The potentiomater module 14 is constructed separately from the mounting case 12. This permits the module to be tested independently of the casing so that should a module be rejected, only the module need be disposed of or reworked and not the entire position sensor. Additionally, by constructing the potentiometer module 14 separately from the mounting case 12, the same potentiometer module may be used with differently shaped mounting cases. This can be a particularly useful feature where differences in the mounting case are required due to the requirements of mounting in various different carburetors.
The potentiometer module 14 includes four elements, a unitary cylindrical casing 36, a torsion spring 38 fitting into the cylindrical casing 36, a rotor 40, and a substrate element 42. These elements are shown in an exploded perspective view in FIG. 2. The cylindrical casing 36 has at one end a flat annular surface 44 from which extends a cylindrical boss 46 having a smaller diameter than the main portion of the cylindrical casing. The diameter of this integrally formed boss 46 is used as the "pilot diameter" to mate with a cylindrical collar (not shown) on the carburetor to precisely center the throttle position sensor relative for example, to an arm connected to the butterfly fly valve.

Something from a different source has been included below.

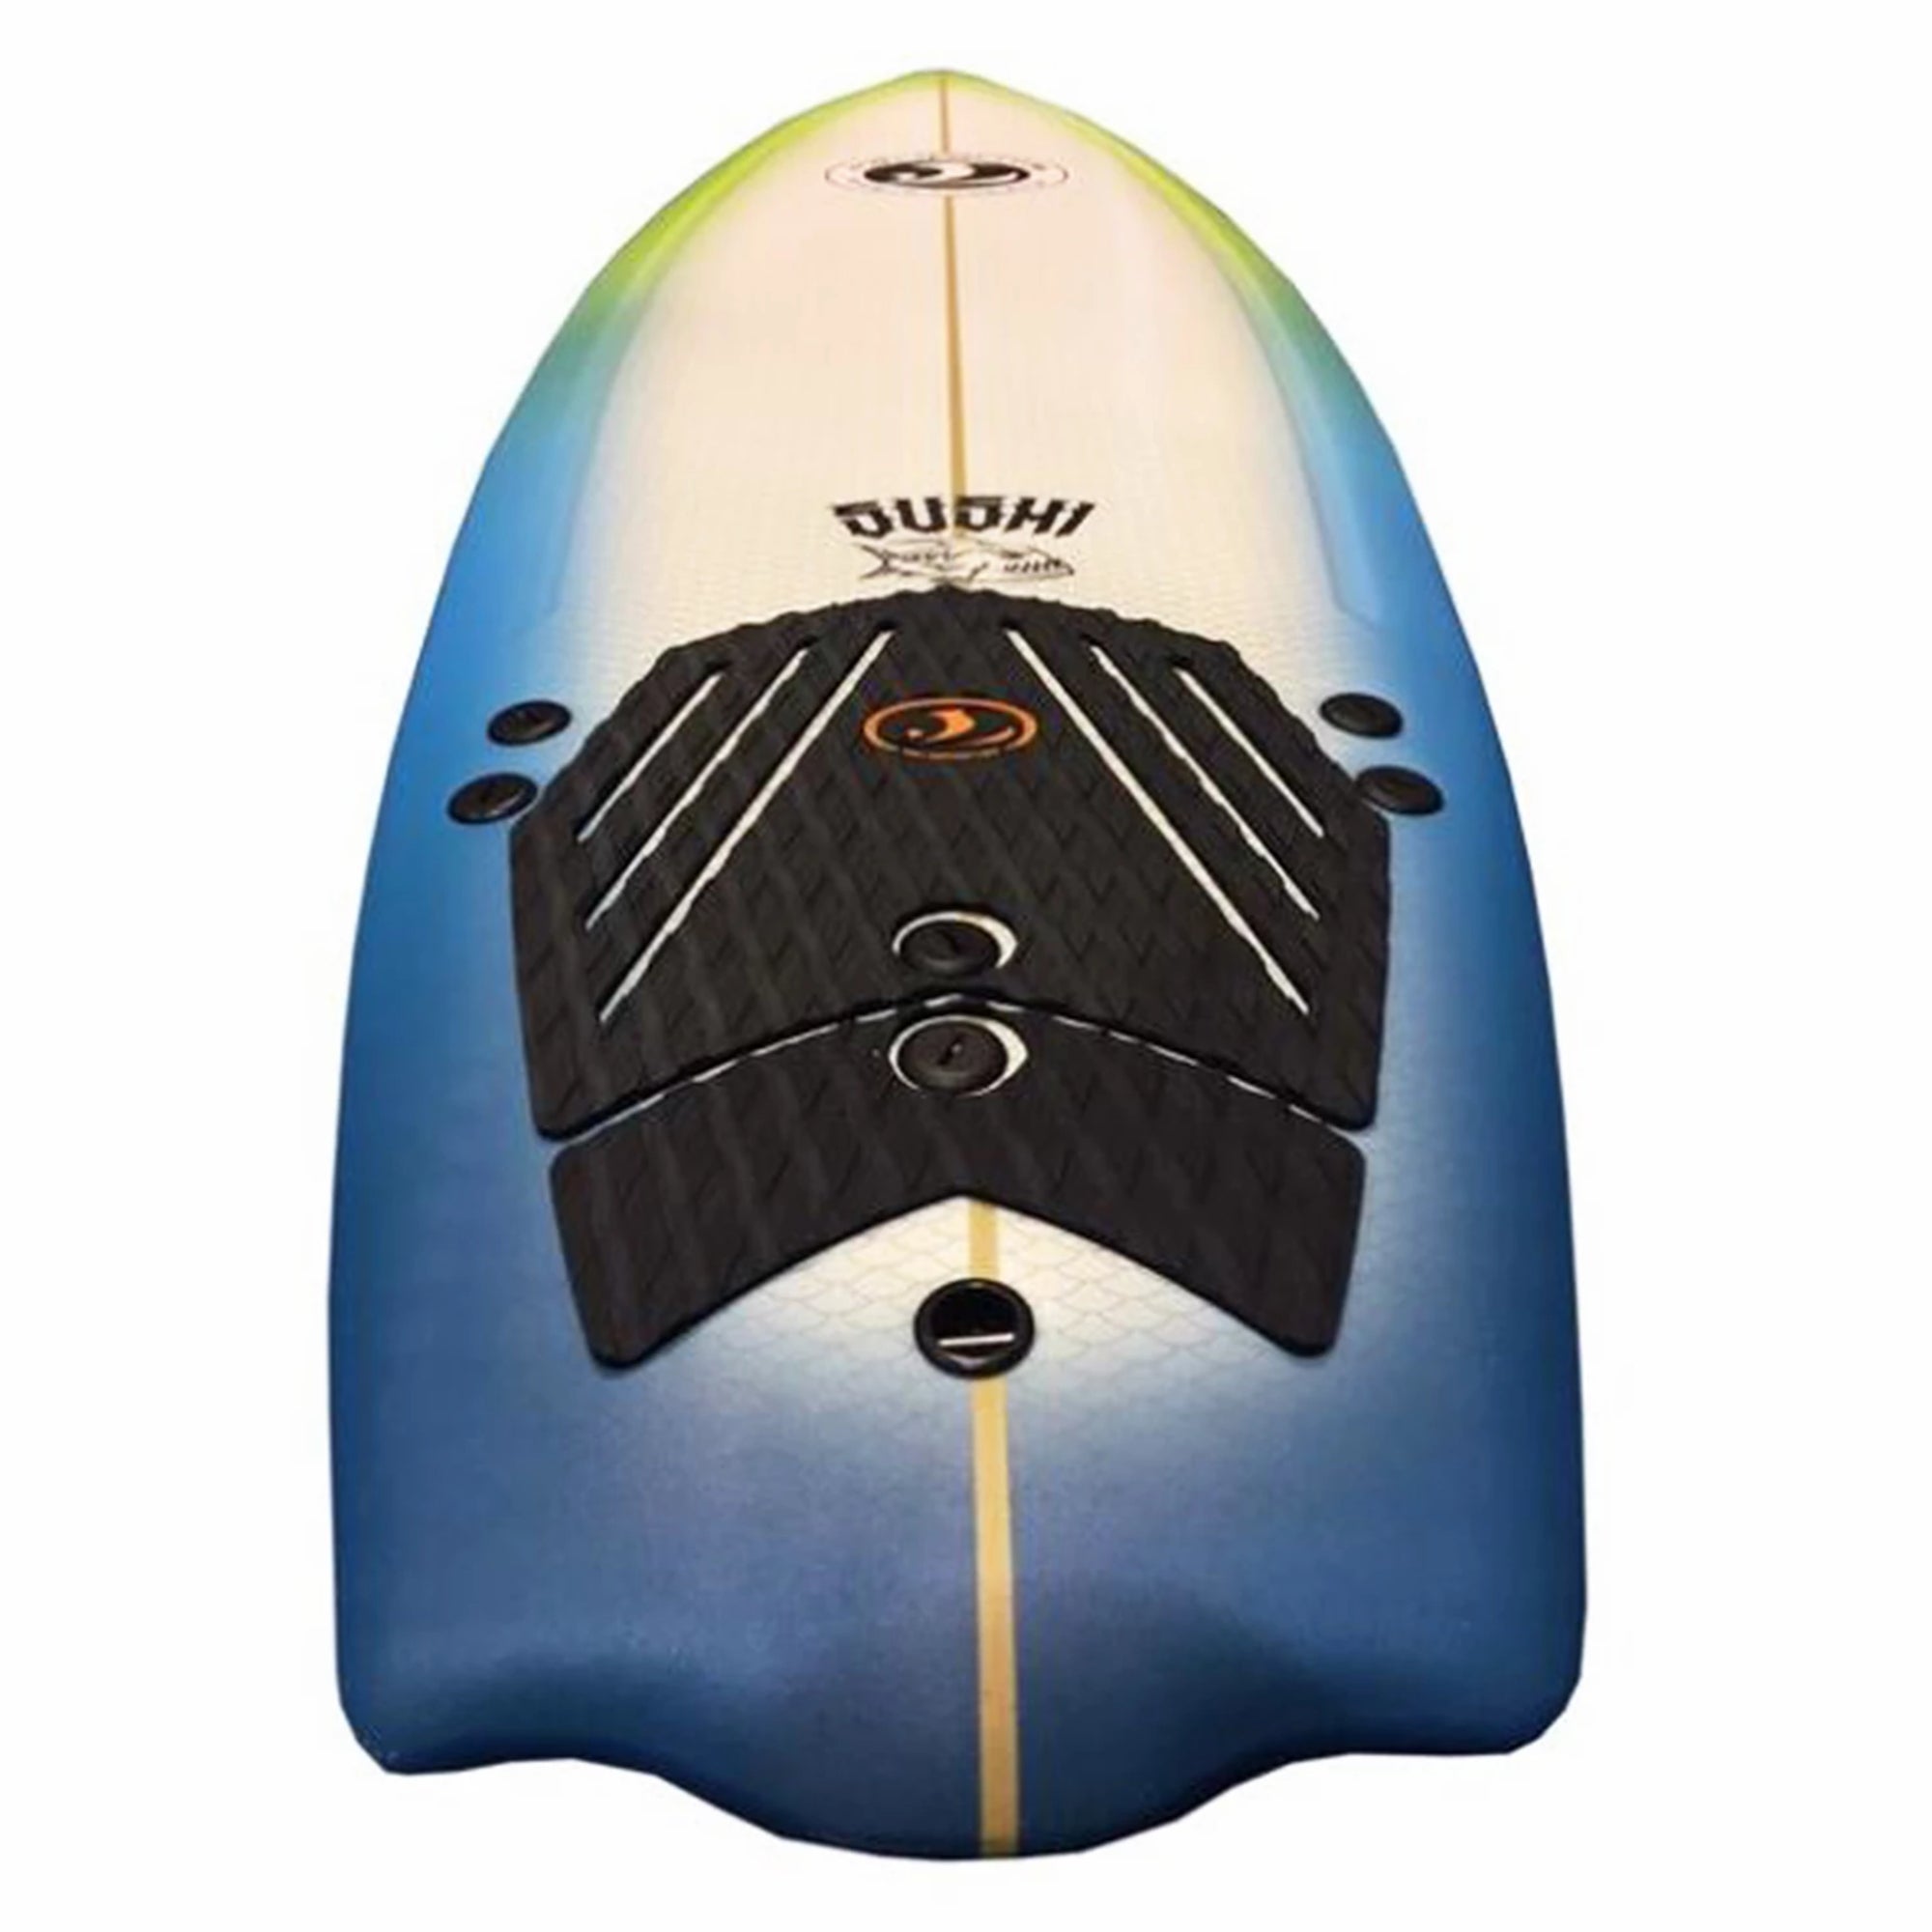 California Board Company 5'8 Sushi Soft Surfboard , surfers sushi

Just inside the cylindrical casing 36 on the side proximate the pilot diameter boss 46 is a cylindrical element 48 for providing one bearing surface 49 rotatably supporting the bearing surface 50 of the rotor 40. Just inside the cylindrical casing on the side opposite the pilot boss 46 is a bearing surface 53 for rotatably supporting the cylindrical surface 51 of the rotor 40. Thus the single piece cylindrical casing 36 provides the two spaced cylindrical bearing surfaces 49 and 53 for the cantilever bearing system of the present invention.
It is important at this point to note that the two bearing surfaces 53,49 as well as the cylindrical pilot boss 46 which acts to aid in aligning the throttle position sensor with an arm connected to the butterfly valve are all formed in the one piece casing 36. A major advantage of this one piece construction is that alignment of the bearing surfaces 53, 49 and the pilot boss 46 takes place during the molding process and not during the stage at which the pieces are put together. This feature acts to substantially reduce the manufacturing costs over those of previous potentiometers and in addition makes possible alignment tolerances which are on order of magnitude greater than has been possible in the past.
Movement of rotor 40 parallel to its rotational axis, commonly called "end play", is limited so that the rotor 40 is maintained in the proper position within the casing 36. In particular movement of the rotor 40 in a direction towards the pilot diameter 46 is limited by annular ridge 55 of the casing 36 which abuts the corresponding annular ridge 57 of the rotor 40. Movement in the opposite direction is restricted by annular ridge 59 of the rotor abutting against the inner end surface of the substrate 42.
The cylindrical casing 36, including bearing surfaces 49, 53 and pilot boss 46 is advantageously molded of polyester resin, and the rotor 40 is advantageously molded of polyphenal sulfide. In addition particles of TEFLONŽ are advantageously added as part of the material which forms both casing 36 and rotor 40 to provide better bearing surfaces.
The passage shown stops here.